The department says it has not reached any conclusions.

Alabama shuttered 31 part-time offices where examiners gave driving tests once per week. The move was blamed on state budgetary concerns. The decision left more than a third of Alabama counties without a license office, including eight of the state's 11 counties with a majority African-American population.   After a backlash, Alabama agreed to reopen the offices once per month.

Governor Bentley says Washington’s actions are an ongoing attempt to politicize a resolved issue.

A Muslim leader in Alabama says he's notified the FBI after mosque members received suspicious contacts on social media.

President Ashfaq Taufique of the Birmingham Islamic Society says several members received friend requests from an unknown person.

Taufique says one member then got a message from the same person stating: "We are at war and we must stick together."

Taufique says the meaning of the message is unclear, but he told the FBI since it could be tied to extremism. He says the messages were sent before the mass shooting in California that's being blamed on a radicalized Muslim couple.

The FBI in Birmingham declined comment.

Taufique says it's part of his religious duty to report anything that could endanger the community.
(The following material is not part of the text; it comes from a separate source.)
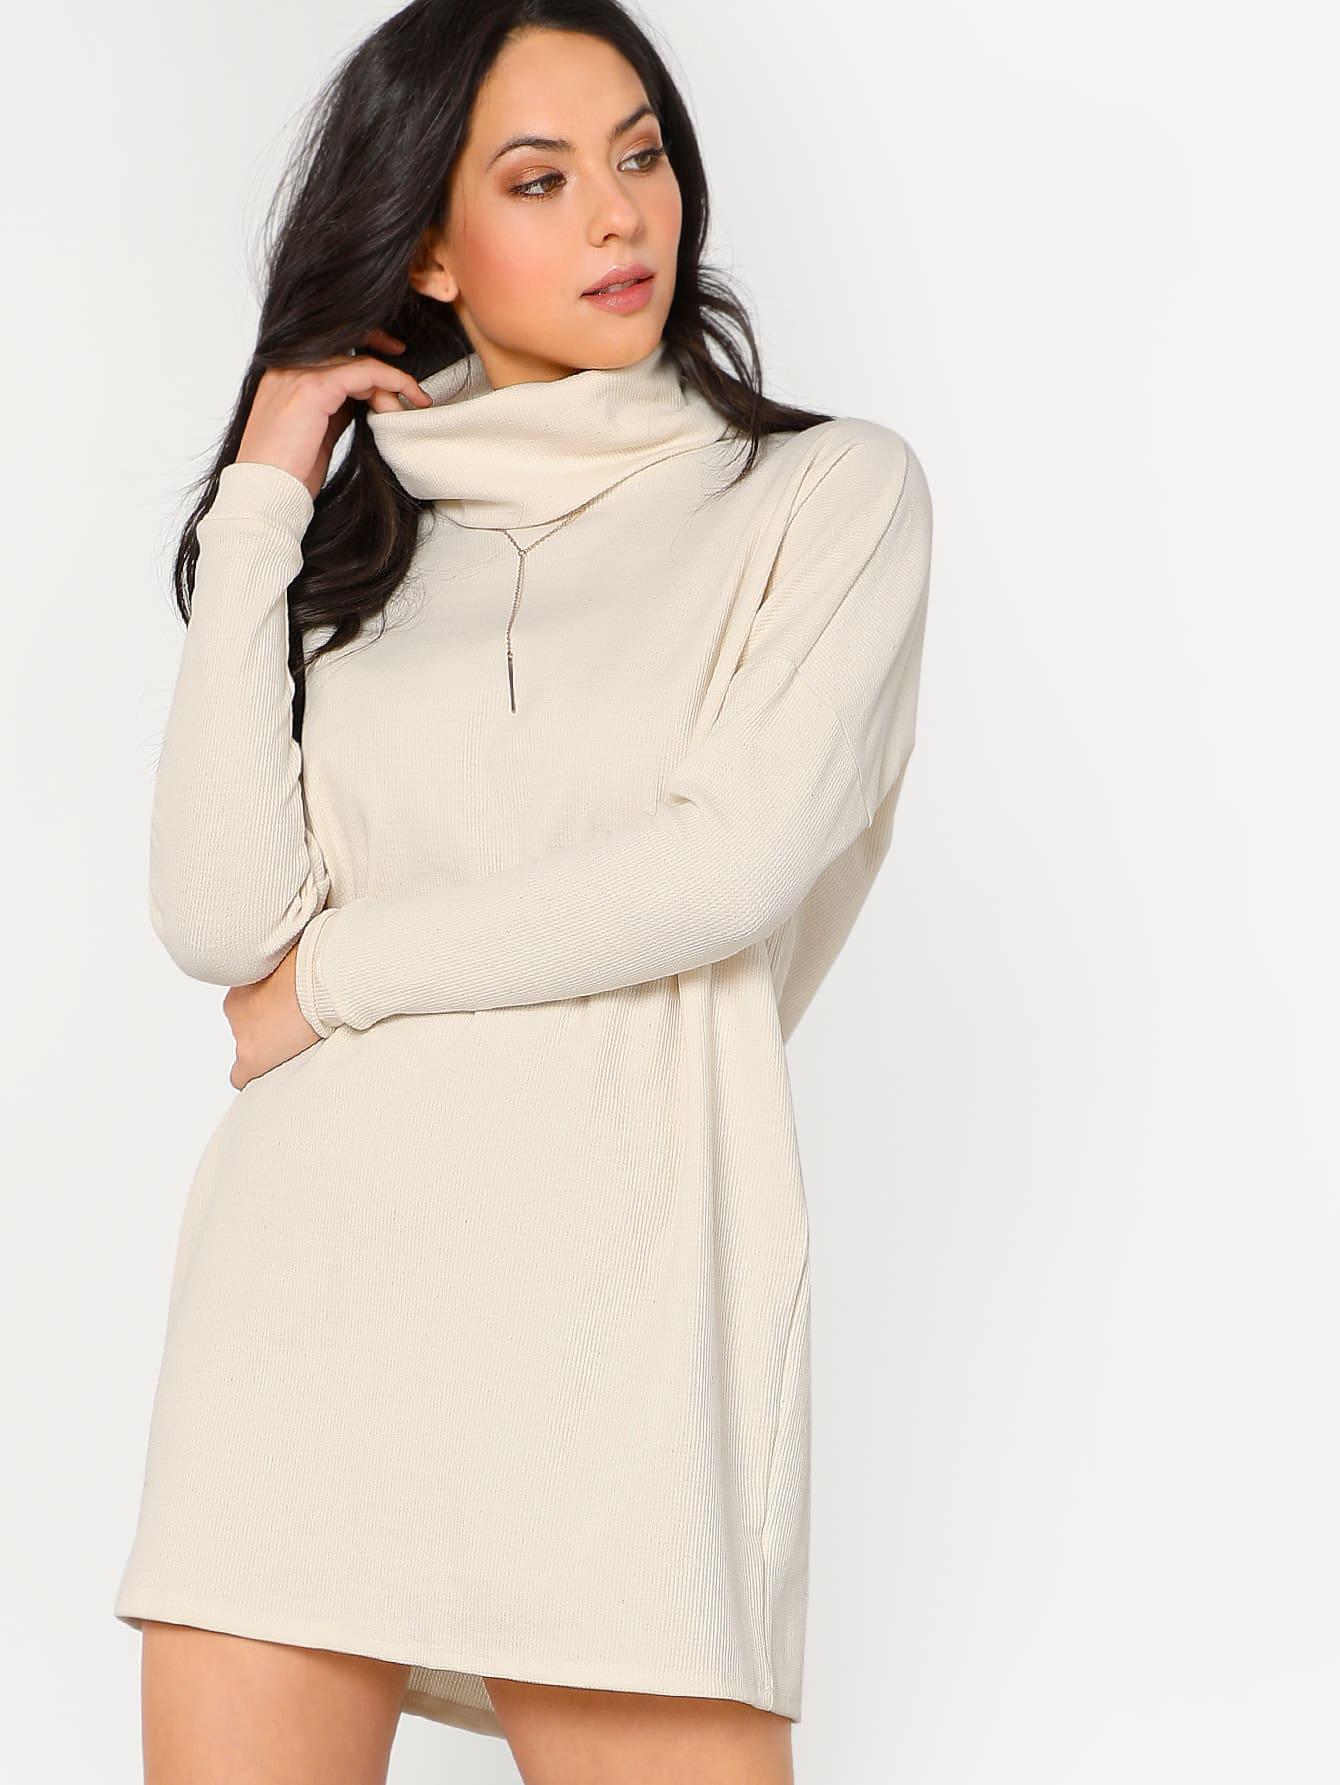 Long sleeved turtleneck sweater dress shein sheinside for Long sleeve turtleneck wedding dress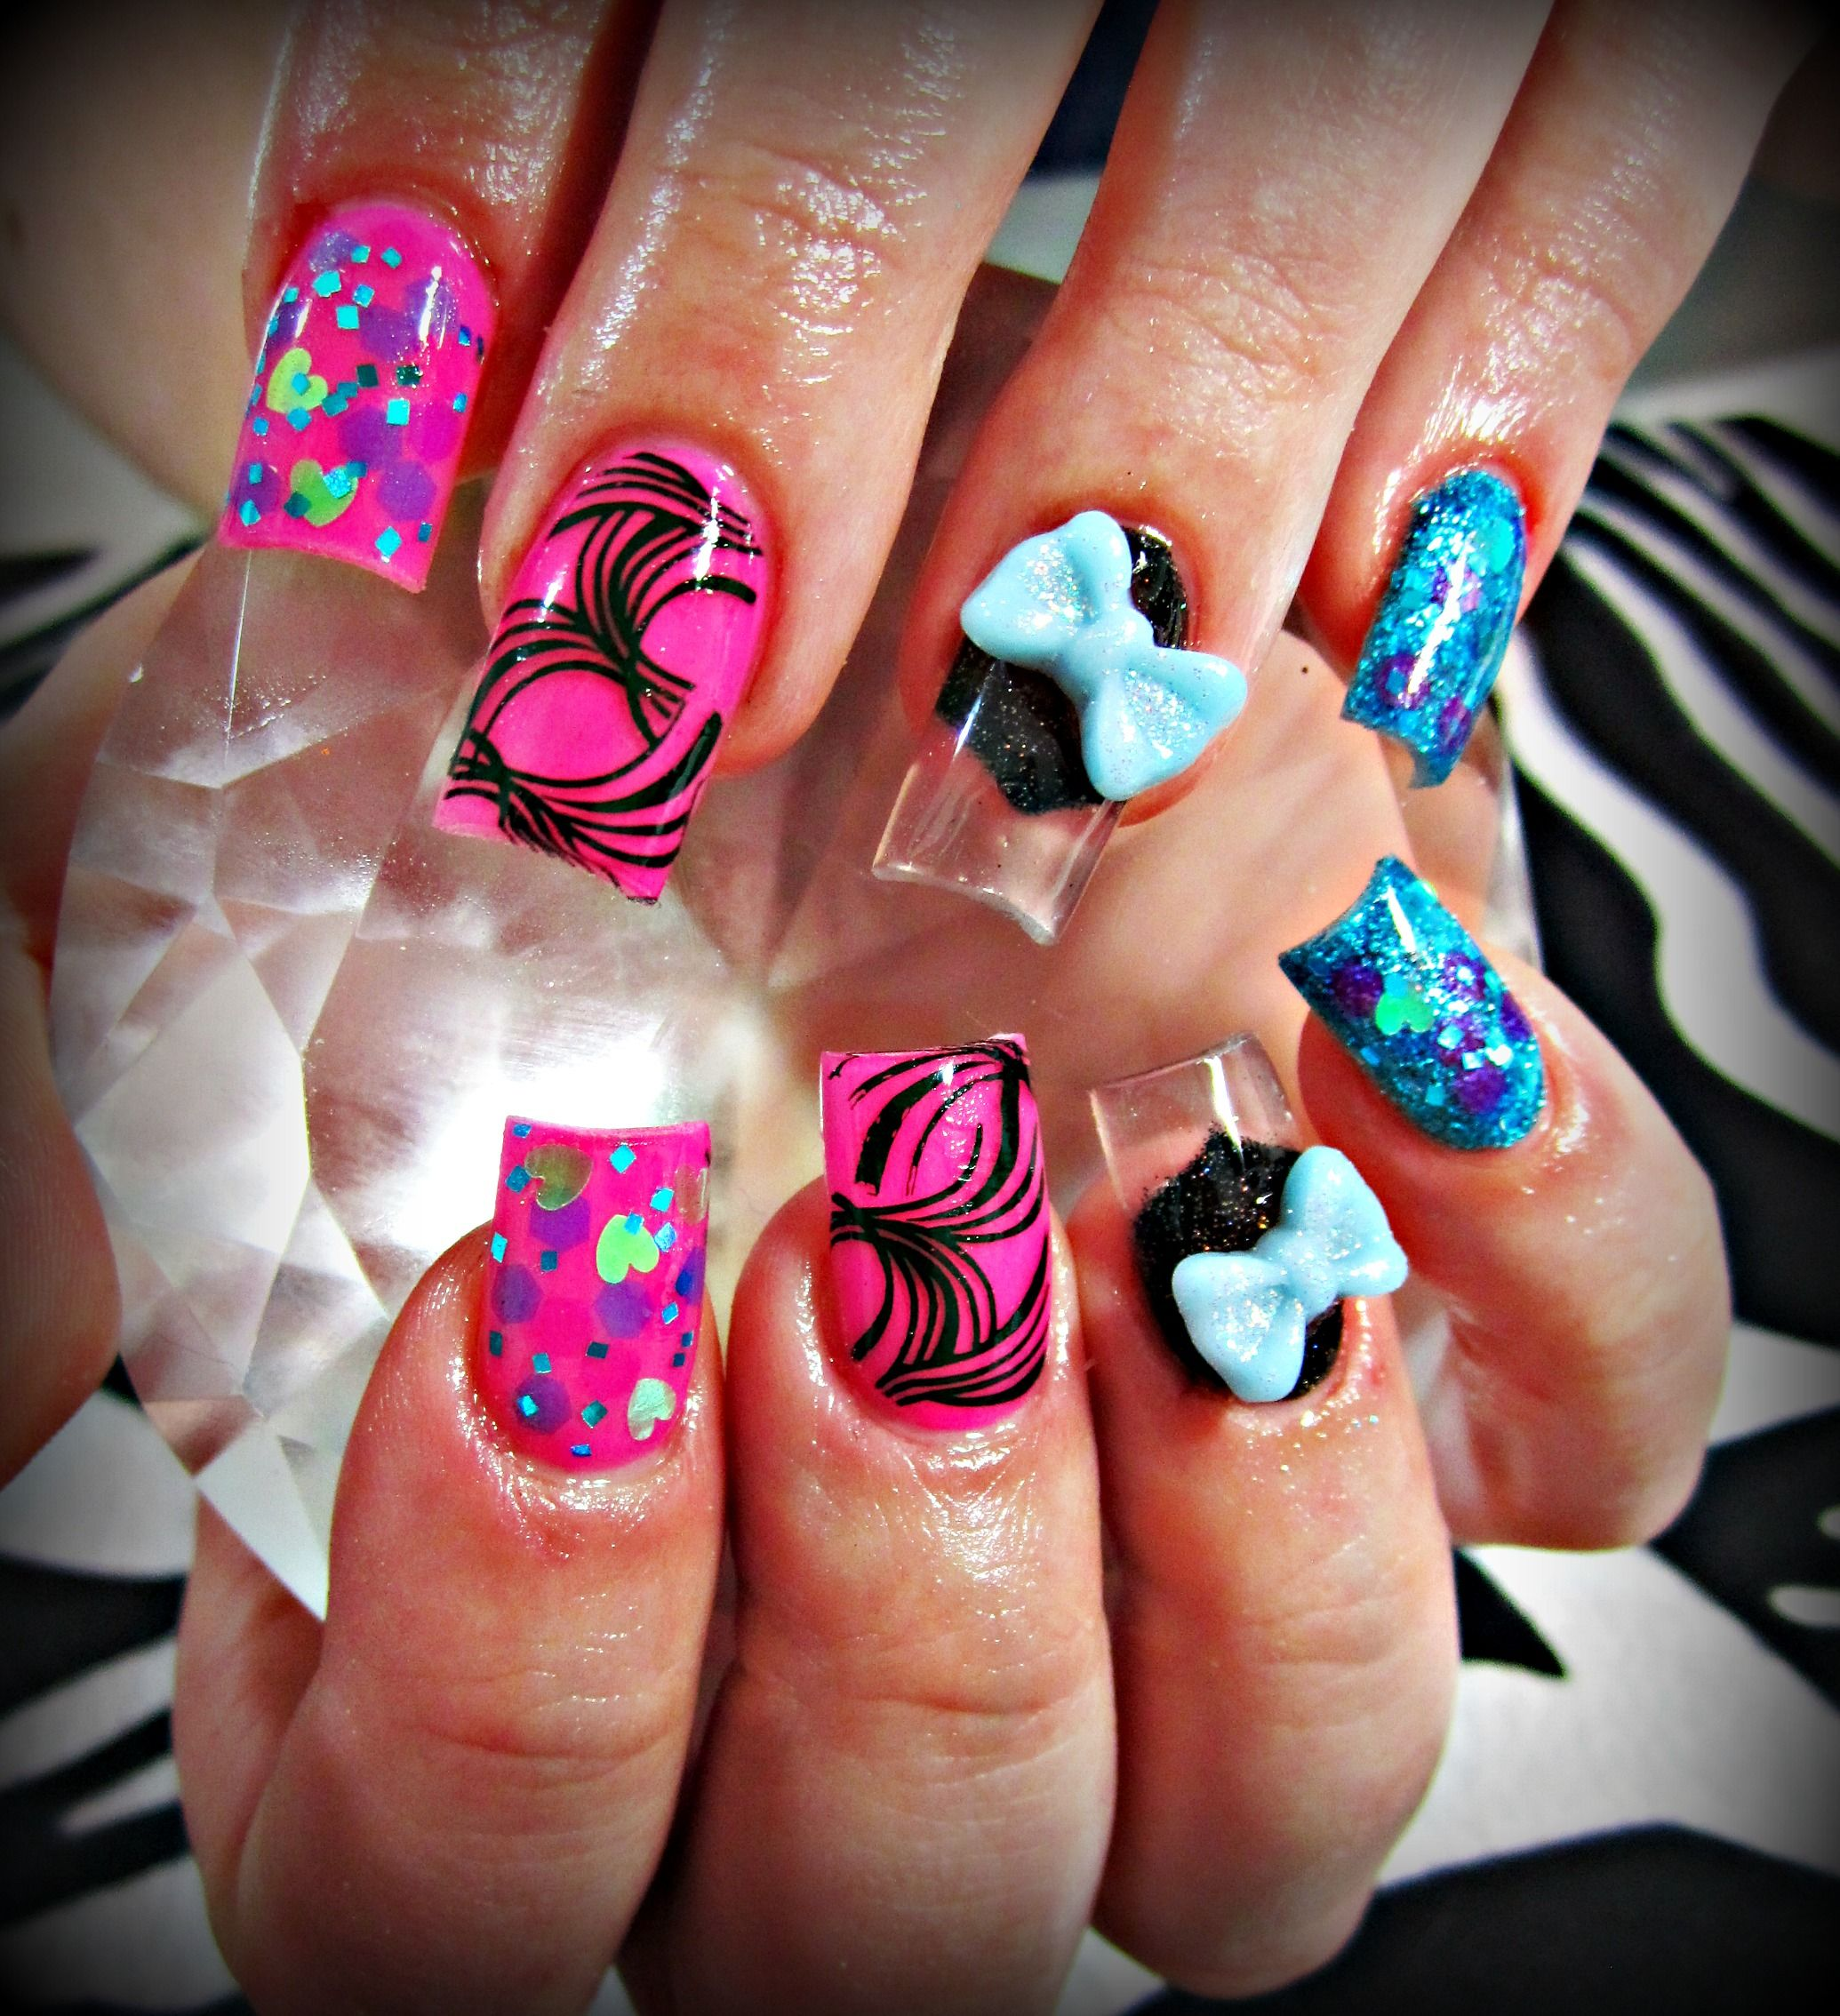 Bubble Gum Nail Art: Bubble Gum Swirl Acrylic Nails

The University of Alabama is set to take a step toward greater diversity today.

The strategic planning committee for the Tuscaloosa campus is scheduled to meet. UA new President Dr. Stuart Bell wants a Central Diversity Officer, with a specific diversity plan, to help make the school more inclusive. Bell also named Student Government Association President Elliot Spillers to the committee. Spillers says having a safe zone for students of color at the University of Alabama is one item on his agenda…

“Seeing a space, for not just for people of color, but all students who are underrepresented here on campus, to have that space on campus that they can call their own, I think, right now, there’s no social space for anyone who’s not a Greek student here on campus, I think it’s important that we enhance the social experiences of those students as well.”

The strategic planning committee’s job is to draw up a plan to enhance graduate program enrollment, add faculty, and expand facilities and research. That’s in addition to achieving greater diversity.